**Input records**
------------

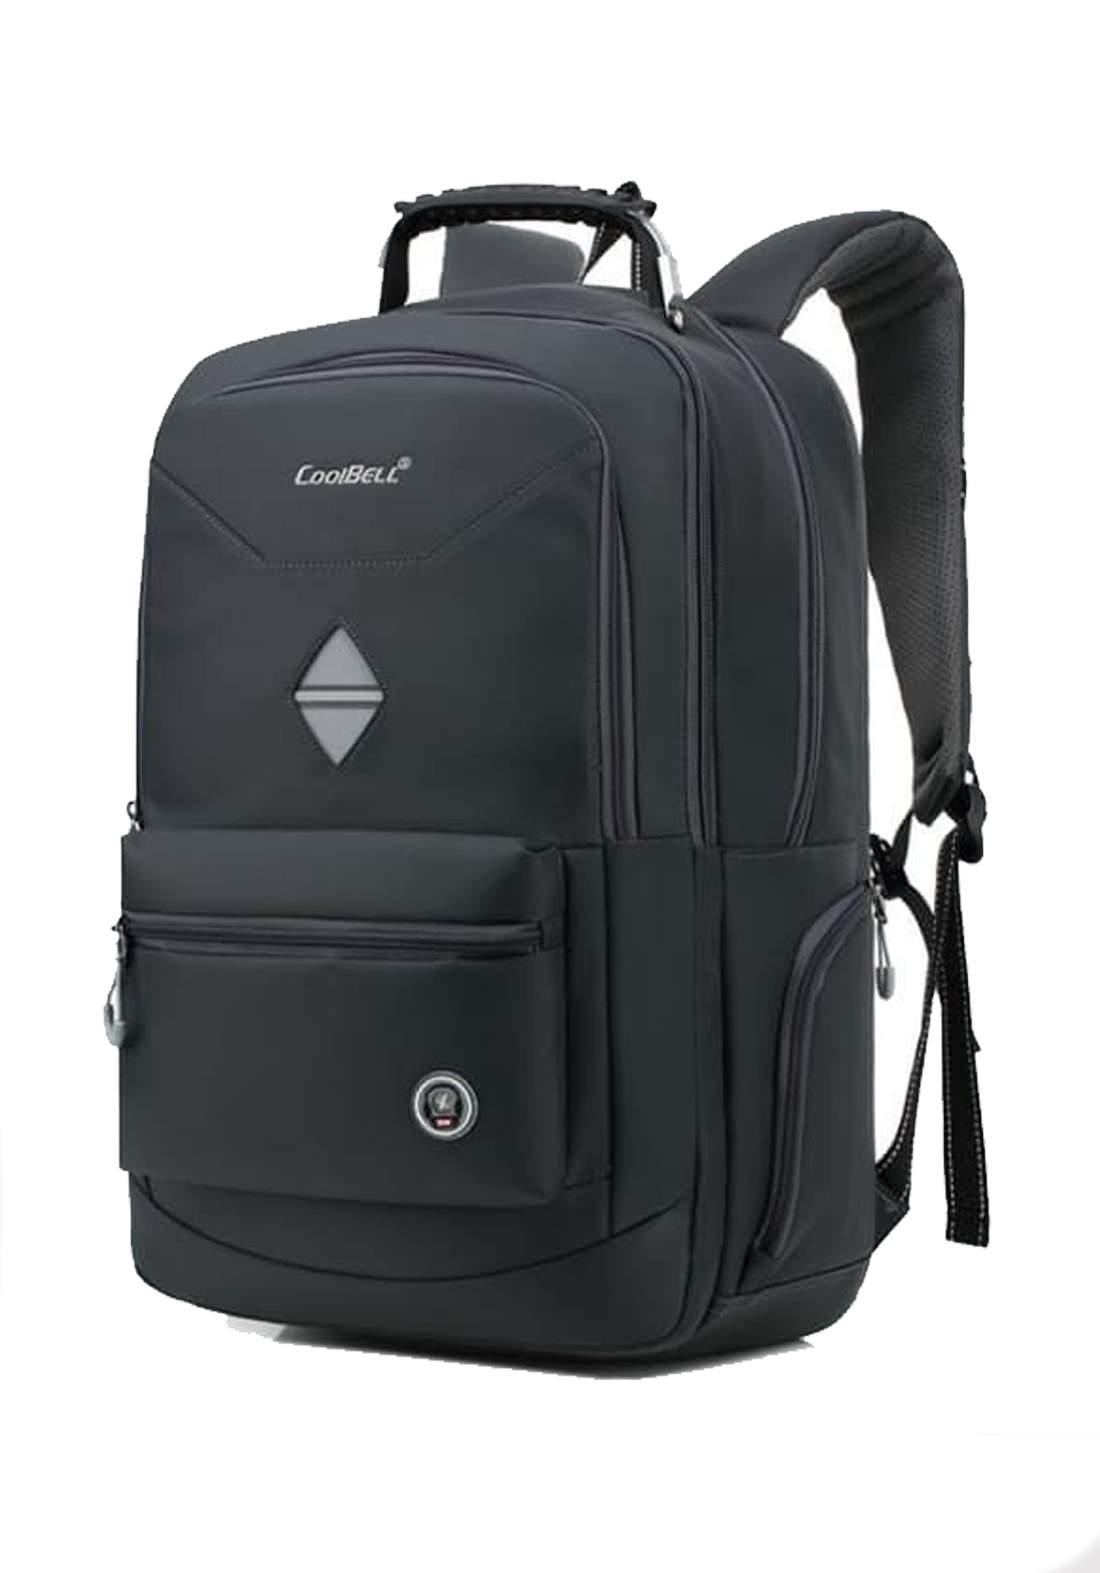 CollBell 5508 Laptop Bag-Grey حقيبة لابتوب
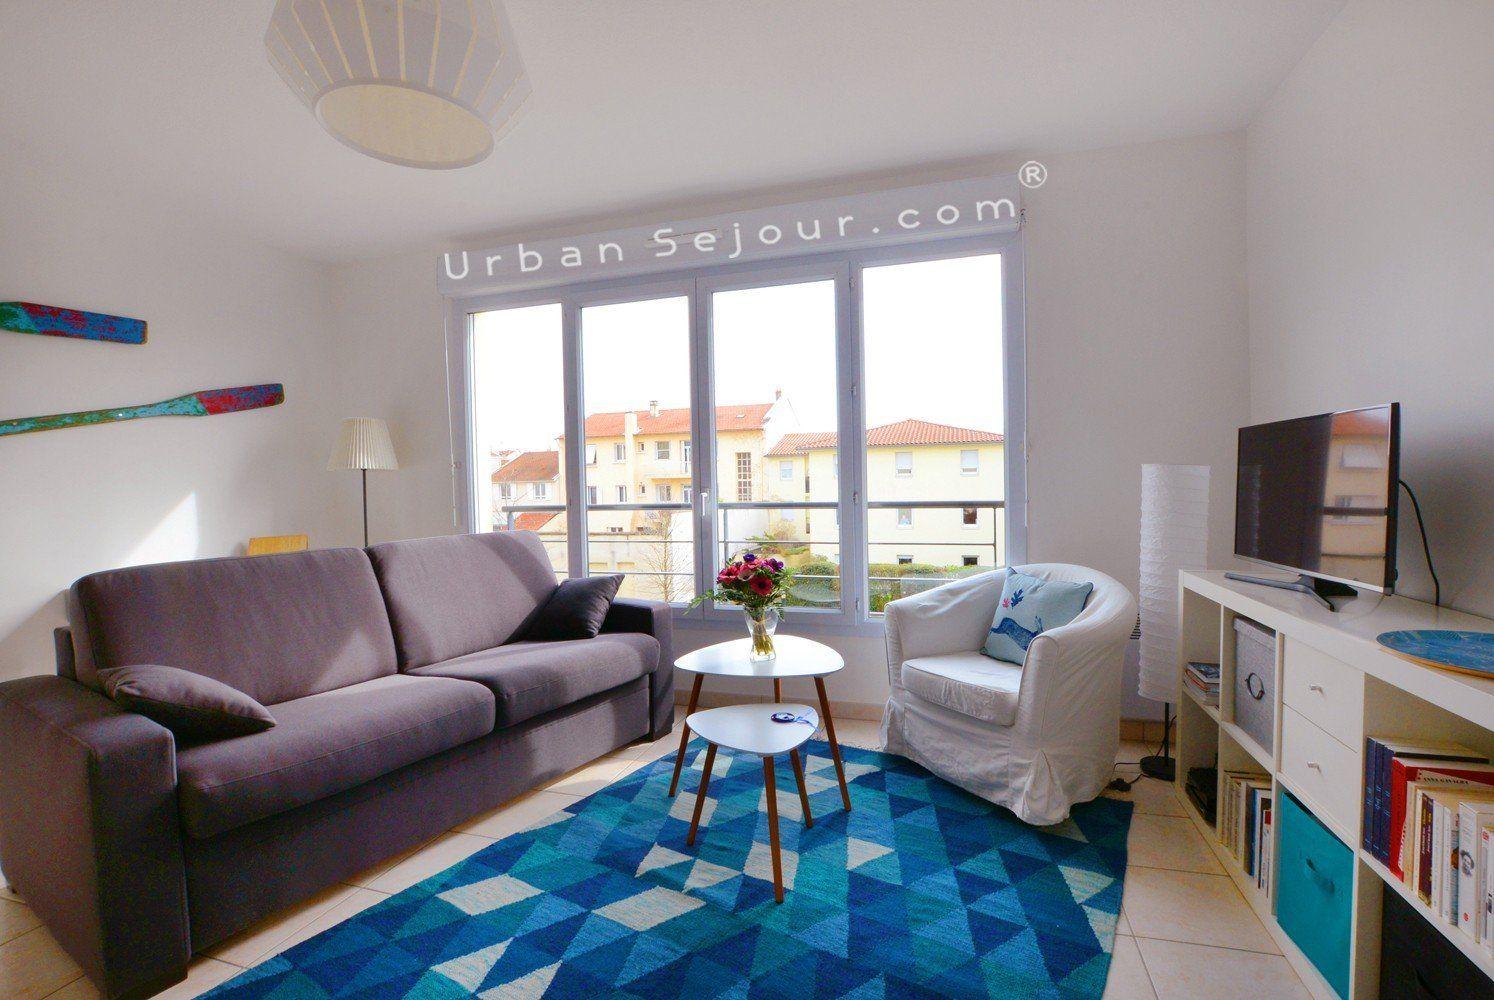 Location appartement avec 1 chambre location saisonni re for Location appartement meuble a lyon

------------

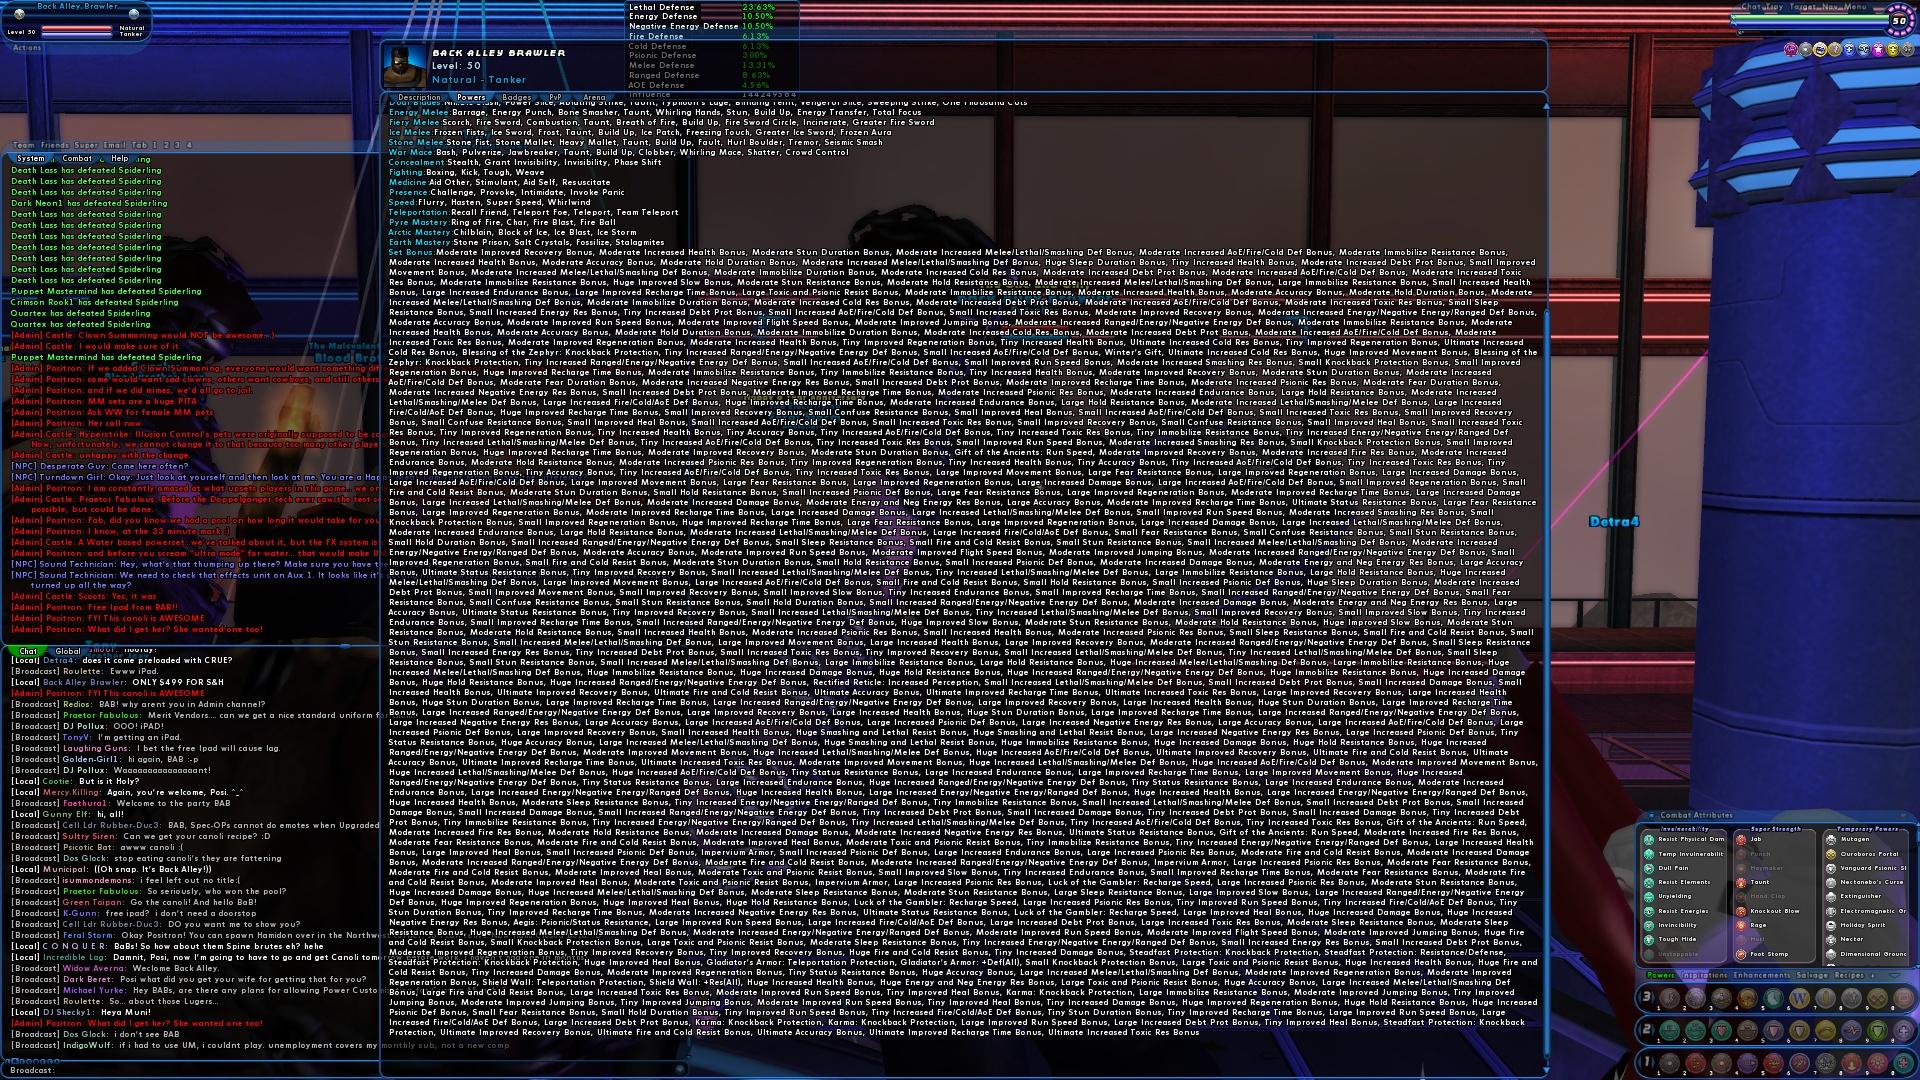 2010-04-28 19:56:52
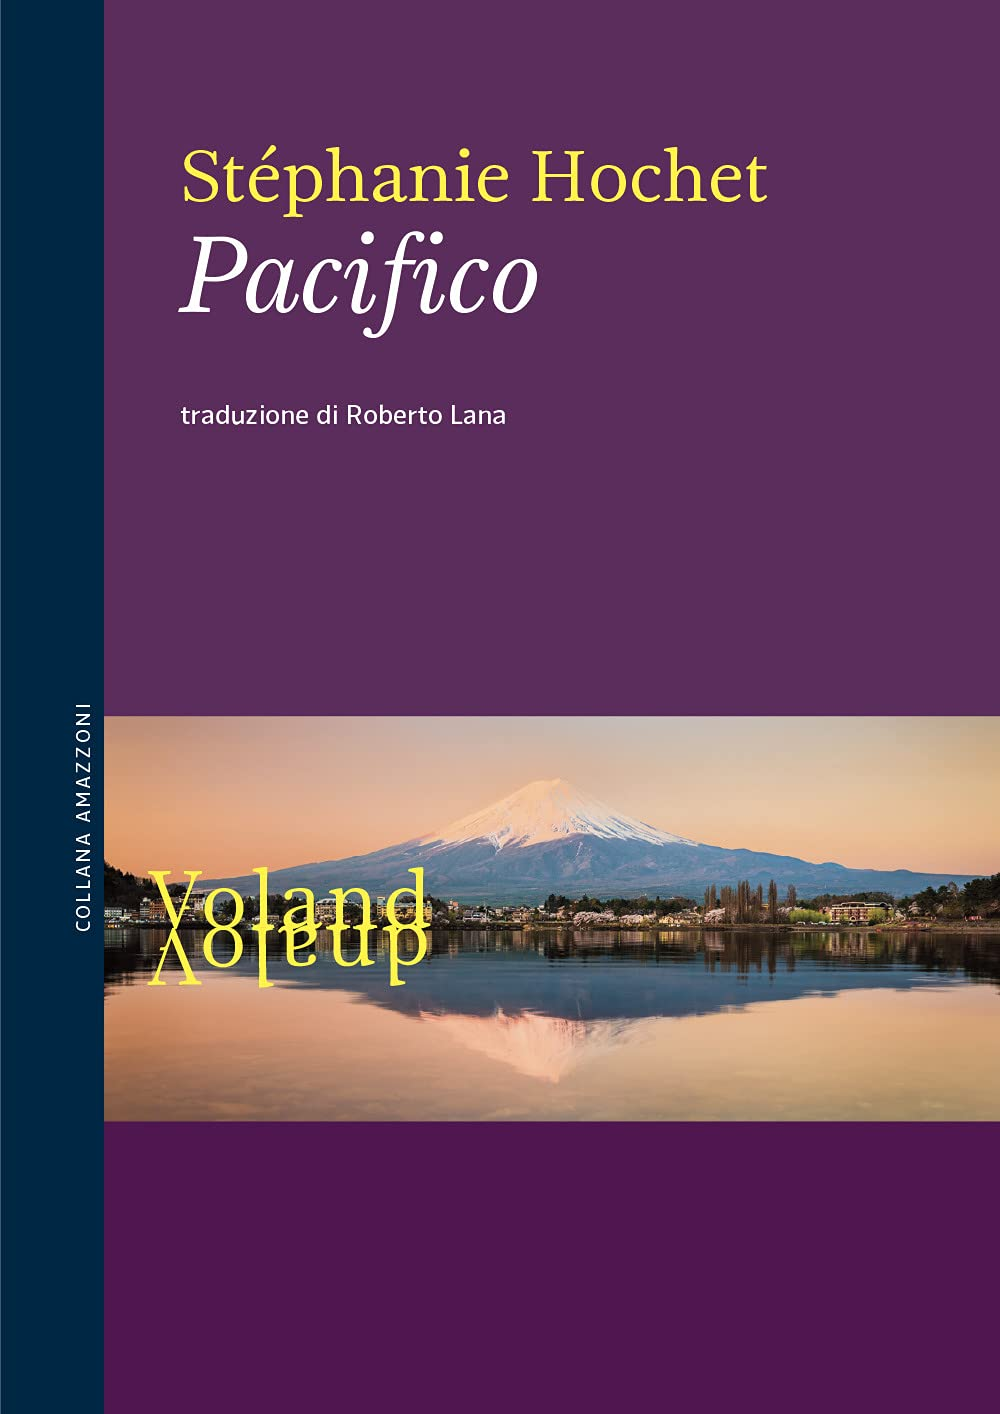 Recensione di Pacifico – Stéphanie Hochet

------------

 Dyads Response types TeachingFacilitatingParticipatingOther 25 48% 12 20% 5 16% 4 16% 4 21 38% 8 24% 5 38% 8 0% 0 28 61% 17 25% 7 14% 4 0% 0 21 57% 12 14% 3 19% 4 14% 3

------------

**Your assignment**
Every line above between the one containing "CollBell 5508 Laptop Bag-Grey حقيبة لابتوب" and the one containing "Location appartement avec", those two included, is to be printed exactly. No pictures go into the copy.

**Answer box**
 CollBell 5508 Laptop Bag-Grey حقيبة لابتوب
 Location appartement avec 1 chambre location saisonni re for Location appartement meuble a lyon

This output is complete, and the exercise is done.